DATA BELOW >>
◆ ◆ ◆ ◆

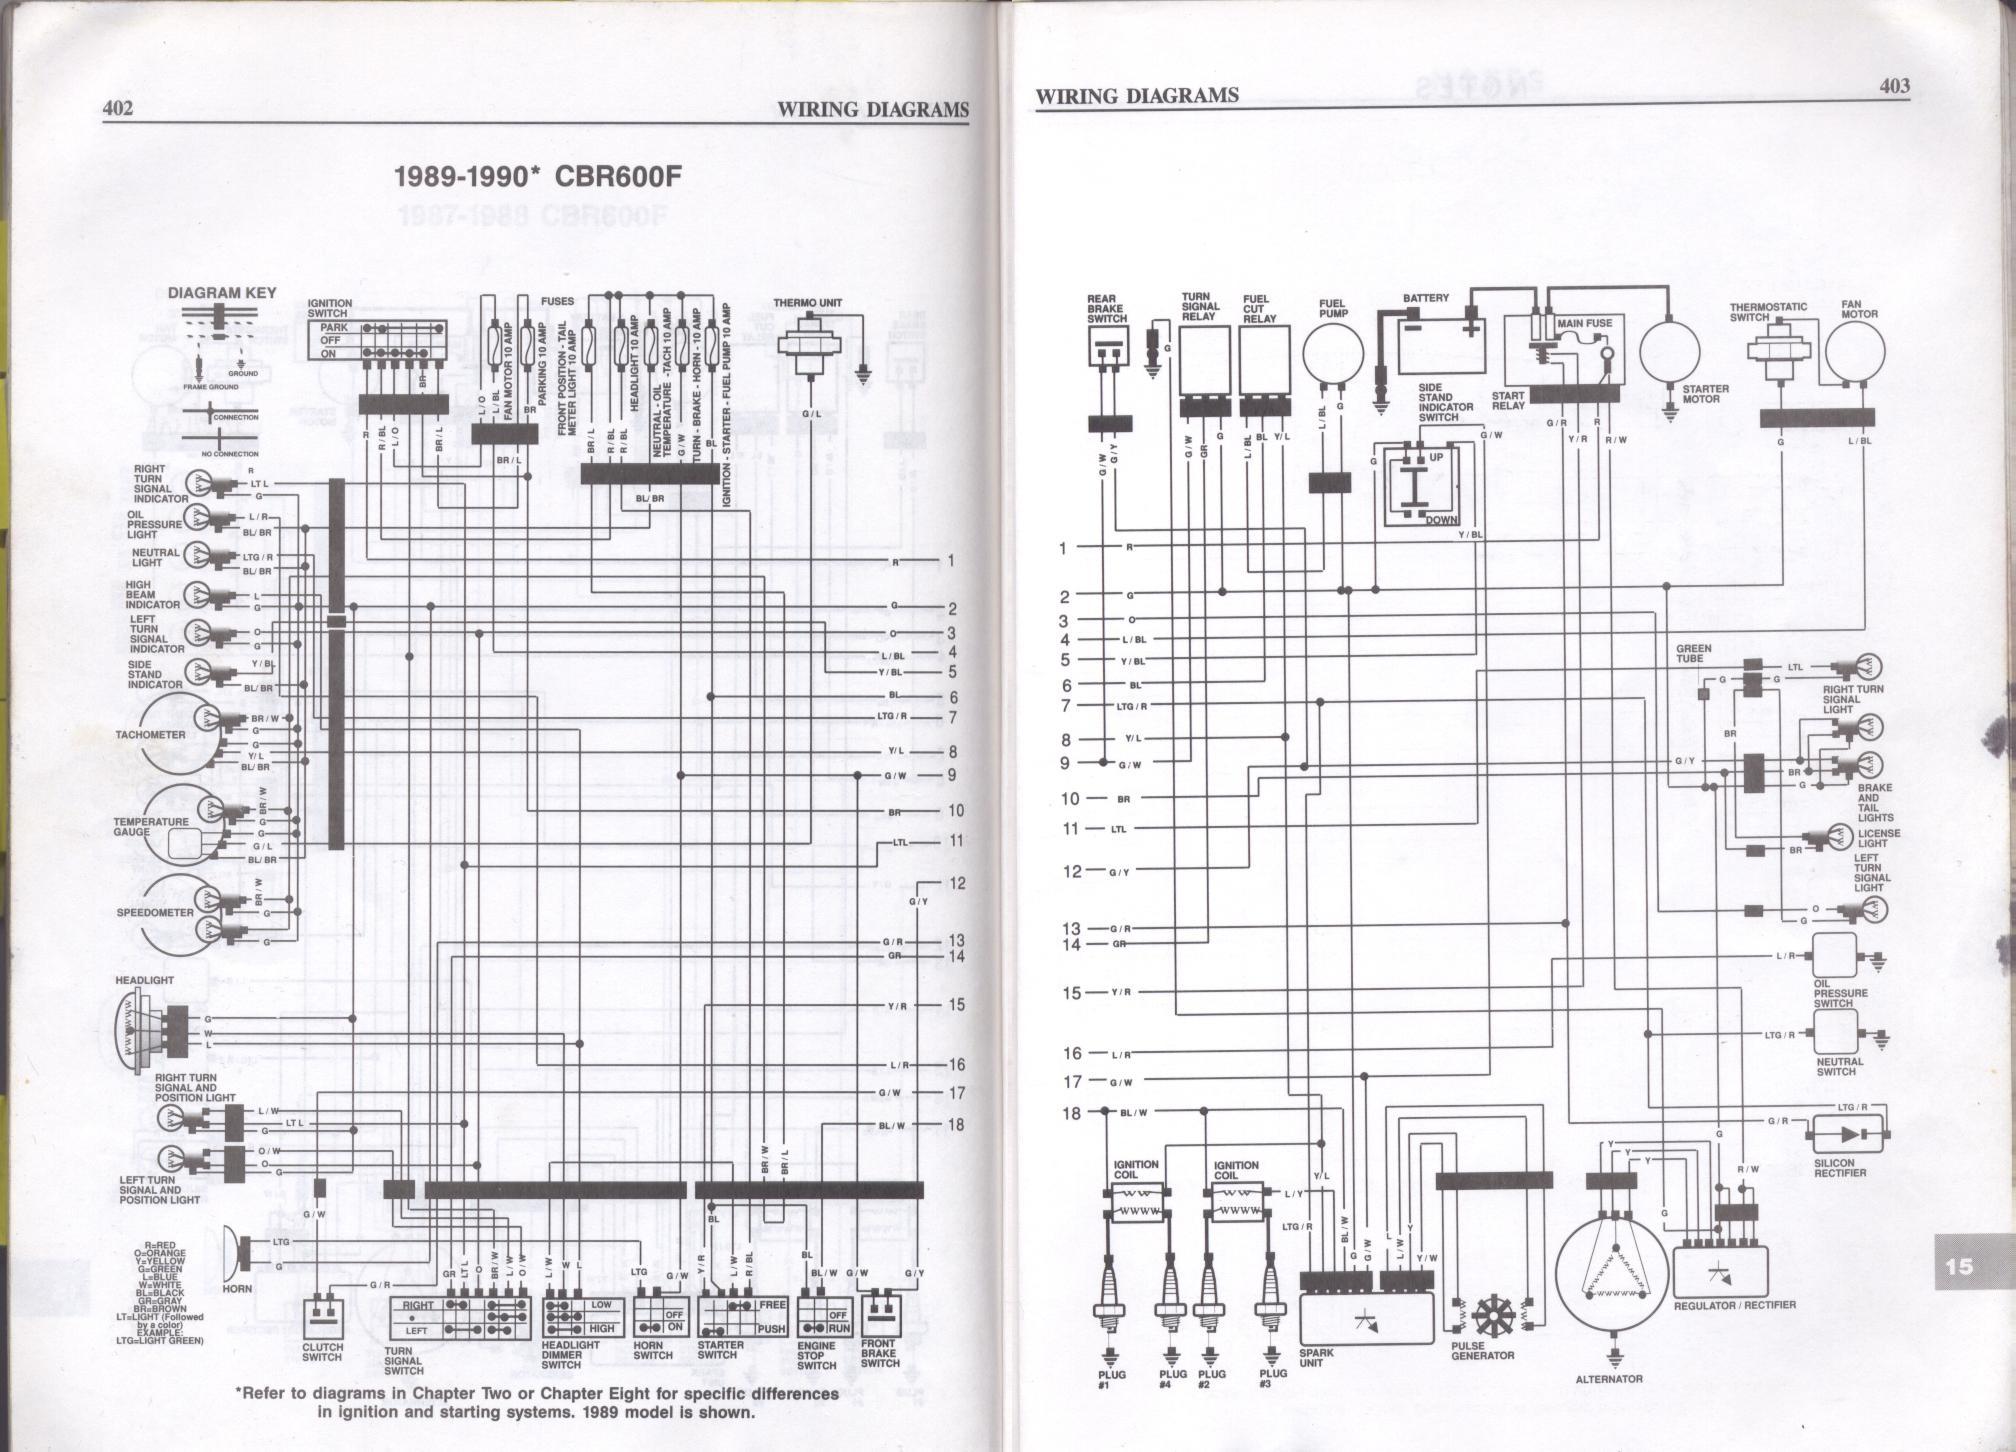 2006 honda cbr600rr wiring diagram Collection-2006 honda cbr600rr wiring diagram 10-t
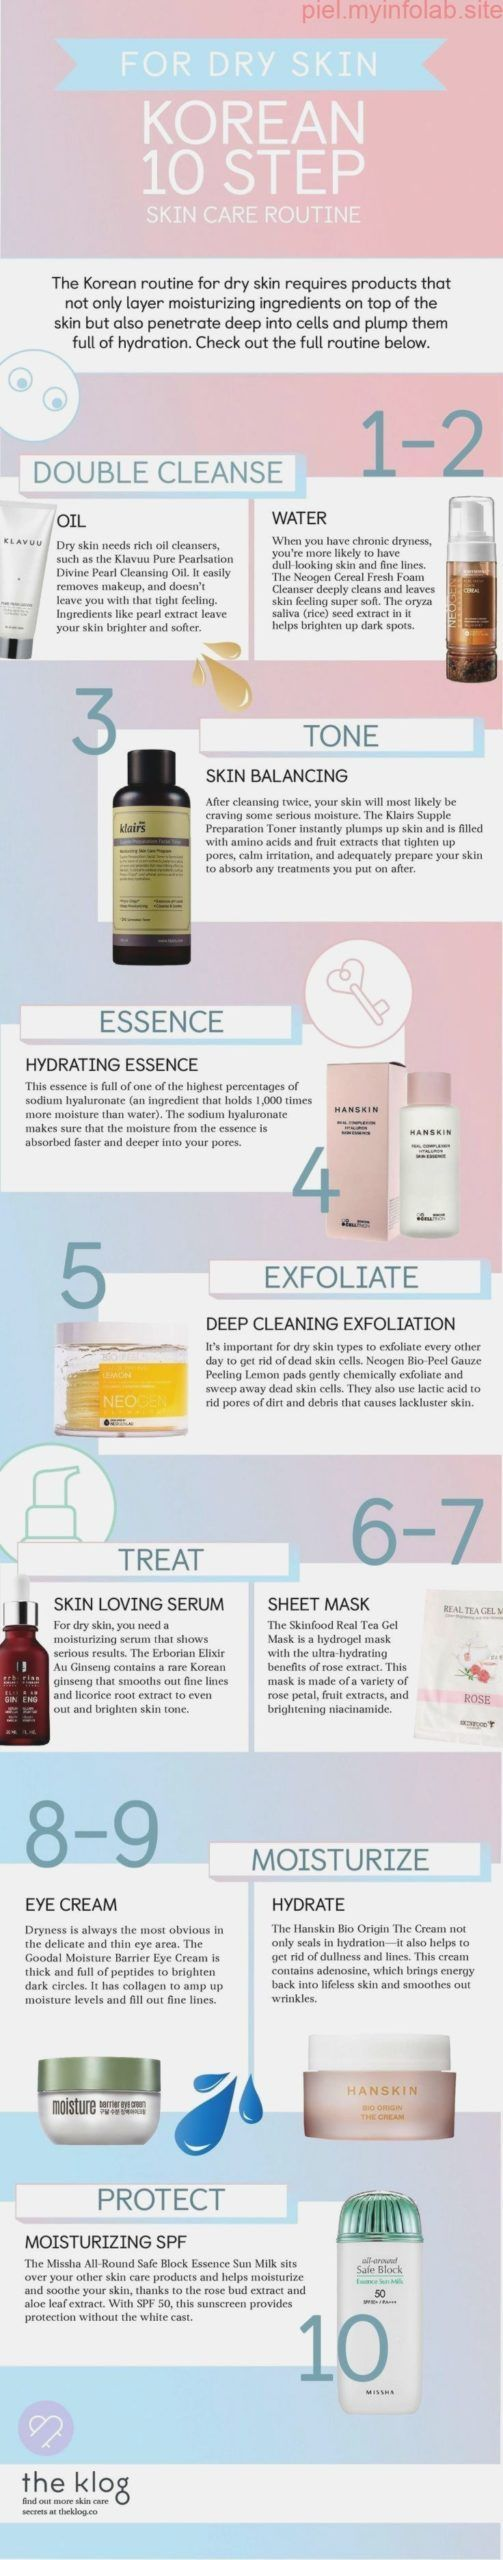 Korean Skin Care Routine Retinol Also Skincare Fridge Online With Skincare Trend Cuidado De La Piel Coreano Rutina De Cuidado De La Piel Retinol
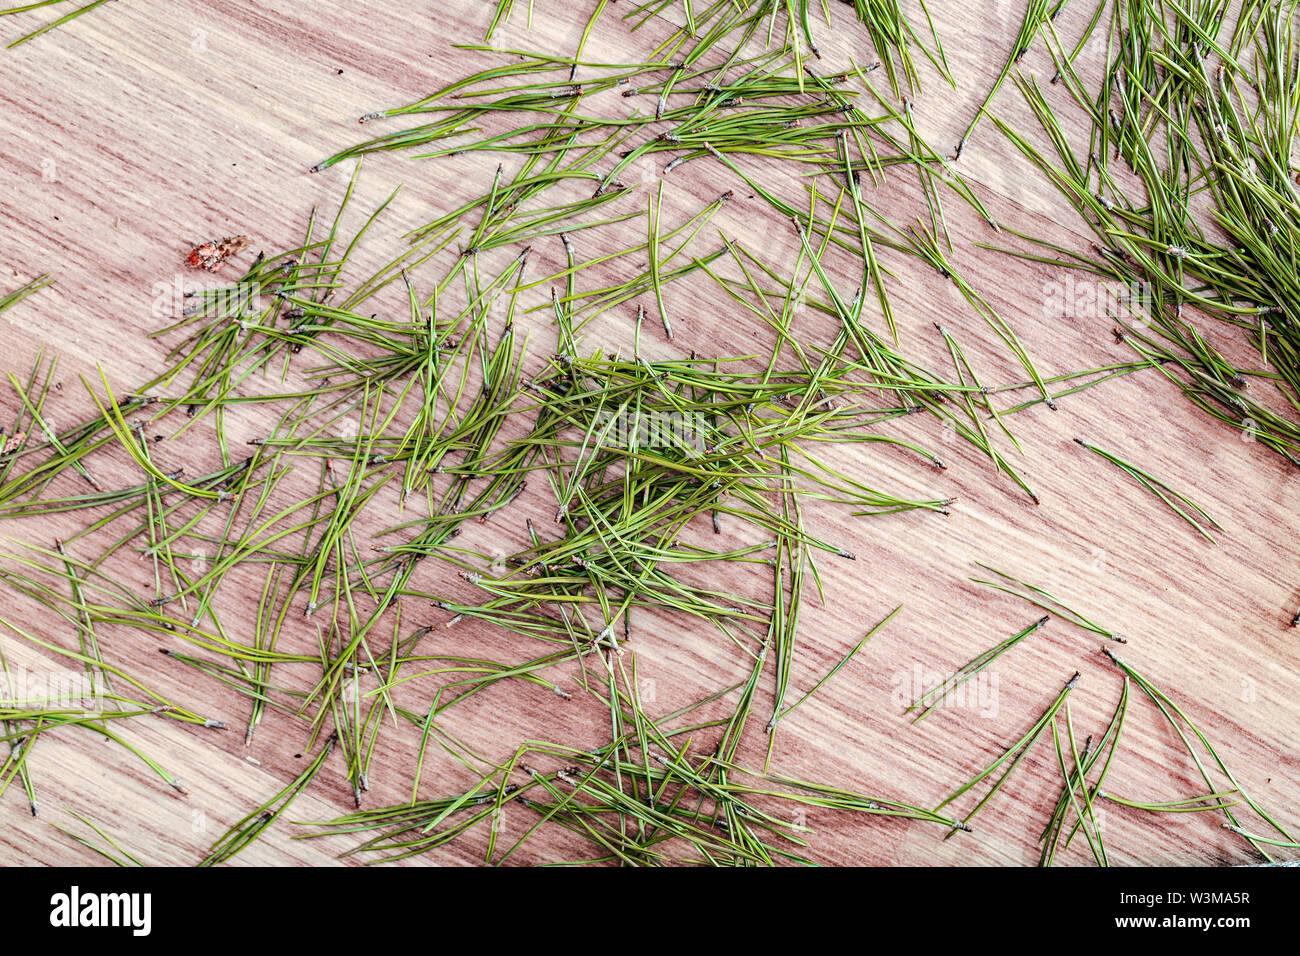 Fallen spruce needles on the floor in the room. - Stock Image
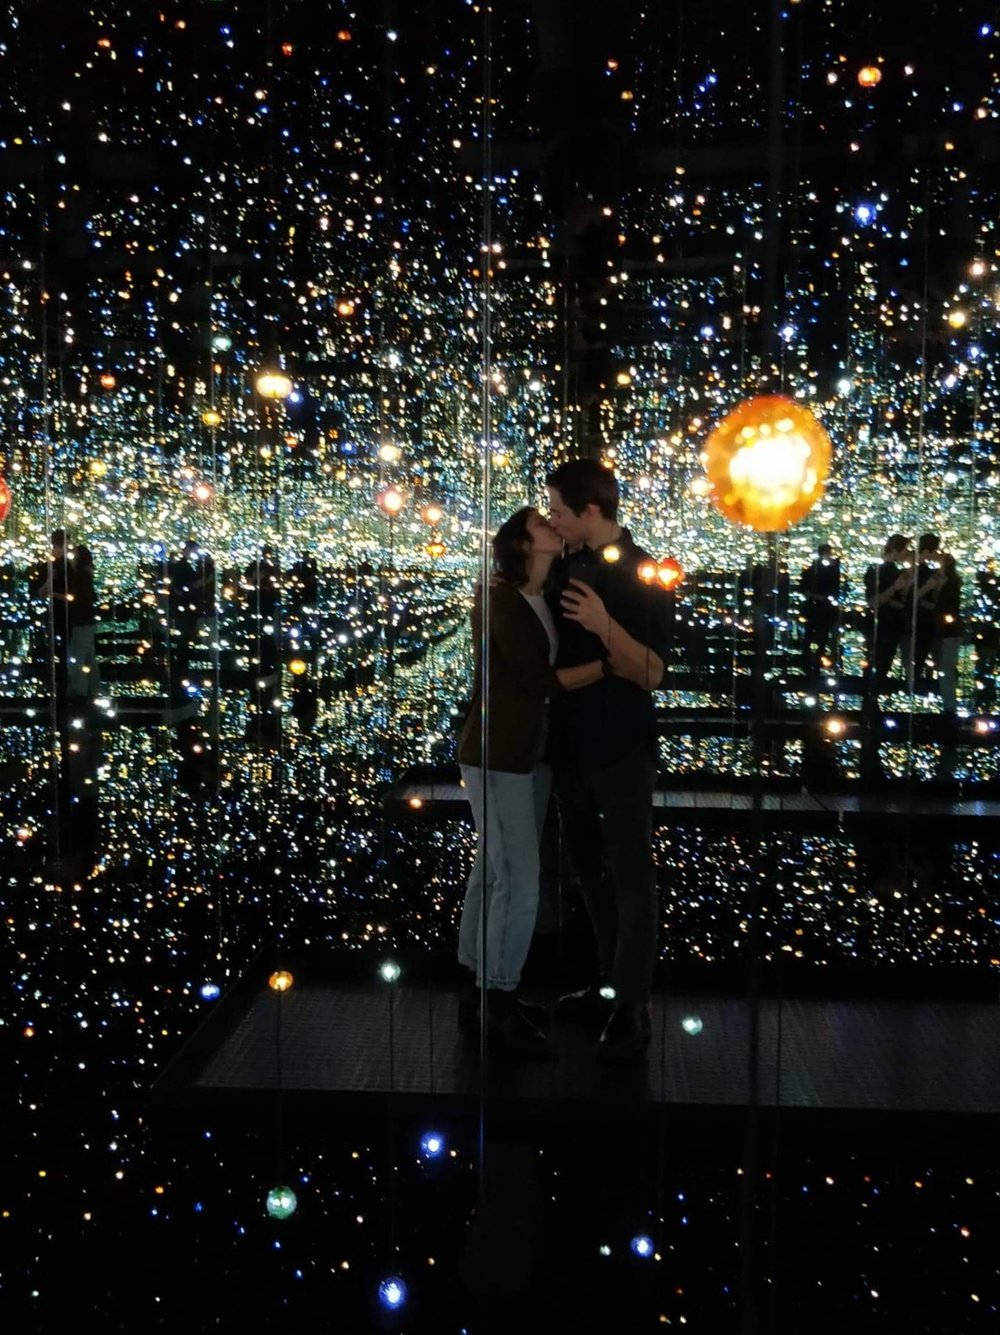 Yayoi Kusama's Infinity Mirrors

◆ ◆ ◆ ◆

PROBLEM DETAILS >> Every line of the material must be repeated exactly; pictures stay out.

SOLUTION FOR THIS EXERCISE >>
 2006 honda cbr600rr wiring diagram Collection-2006 honda cbr600rr wiring diagram 10-t
 Korean Skin Care Routine Retinol Also Skincare Fridge Online With Skincare Trend Cuidado De La Piel Coreano Rutina De Cuidado De La Piel Retinol
 Fallen spruce needles on the floor in the room. - Stock Image
 Yayoi Kusama's Infinity Mirrors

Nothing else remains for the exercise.